Sejak saat itu hubungan antara Rosa dan kartini bekerja terus menerus, Rosa Abendanon
juga sering mengirim mengirim buku dan surat kabar dari Eropa ke Kartini muda agar
pemikirannya menjadi lebih maju. Di surat kabar Eropa mengatakan bahwa perempuan memiliki
posisi yang sama untuk mencapai hak mereka sementara di Indonesia, perempuan berada pada
strata sosial yang sangat rendah.

Kartini: “Rosa kamu adalah sahabat terbaik, nah, sepertinya tidak cukup kalau aku belajar dari
Rosa, aku harus berbagi ini Rosa, aku harus berbagi ini dengan wanita lain, me reka harus
memiliki ini.” ucapnya kepada Rosa melalui surat. Ia pun bertekad untuk membagikan ilmunya
kepada wanita wanita lainnya.

Setelah melakukan pengasingan, ia menikah dengan seorang bupati Rembang bernama


Adipati Ario Singgih Djojo Adhiningrat atas pilihan orang tuanya. Pada saat itu Kartini berstatus
sebagai istri kedua dari Bupati Rembang. Namun suaminya sangat mendukung cita-citanya dan
bahkan mengizinkan Kartini membangun sekolah wanita.

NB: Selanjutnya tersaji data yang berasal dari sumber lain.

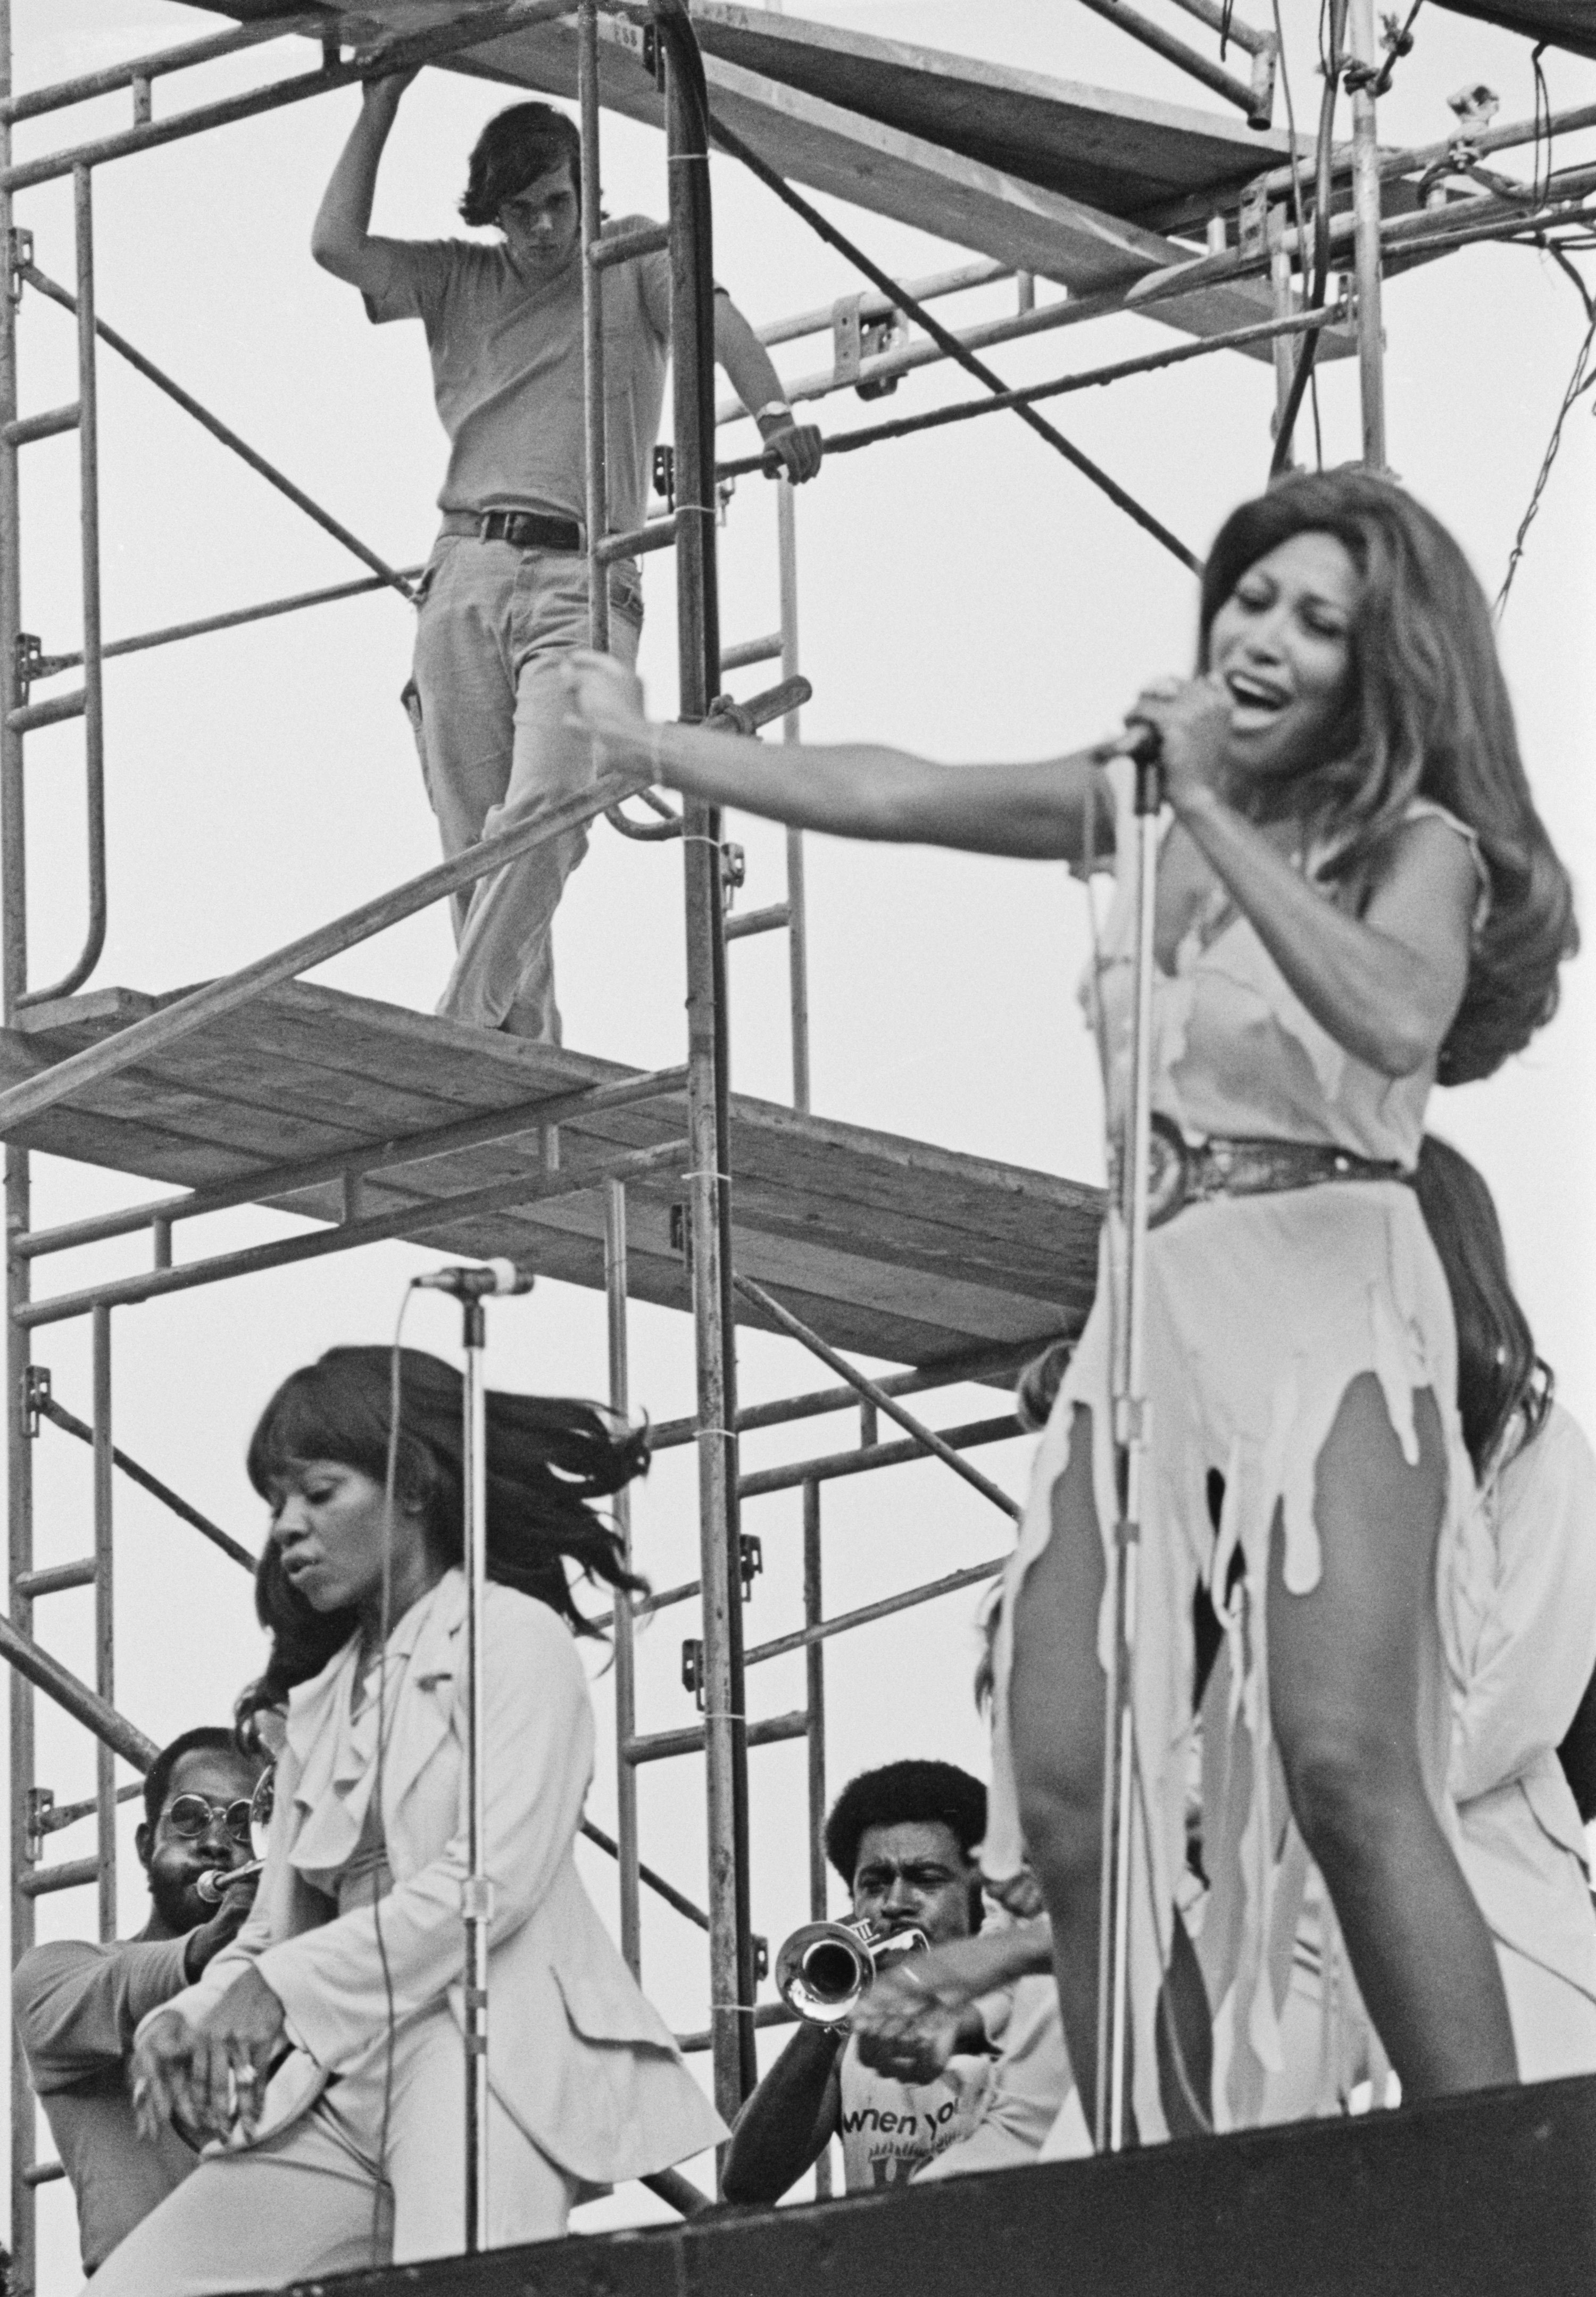 Tina Turner performing onstage with band

Saat sedang duduk berdua, Kartini bertanya kepada suaminya,“Suamiku, maaf jika saya
mengganggu Anda, jika saya boleh bertanya sebagai istri
sang duke, apakah Anda mengizinkan saya membangun sekolah untuk seorang wanita ?".
Suaminya pun tersenyum dan mendukung keinginan istrinya tercinta. “Kartini, jika itu adalah
keinginan Anda, saya akan melakukannya.” ucap suaminya dengan halus. Kartini merasa lega,
dan ia sangat berterimakasih kepada suaminya karena telah mendukungnya.

Selama pernikahannya, Kartini dikaruniai seorang putra bernama Soesalit


Djojoadhiningrat. Kartini meninggal pada usia 25 tahun, empat hari terakhir setelah melahirkan.

Perjuangan Kartini tidak berhenti bahkan setelah kematiannya. Perjuangan dilanjutkan


oleh temannya Rosa Abendanon yang memposting kedua surat itu ke dalam sebuah buku. Buku
itu berjudul "Door Duisternis tot Licht" yang berarti "From the Darkness Int ti "From the Darkness
Into the Light". o the Light".

Pada tahun 1964, Presiden Ir. Soekarno mendeklarasikan tanggal lahir Kartini, pada 21
April sebagai "Hari Kartini" hari nasional Indonesia.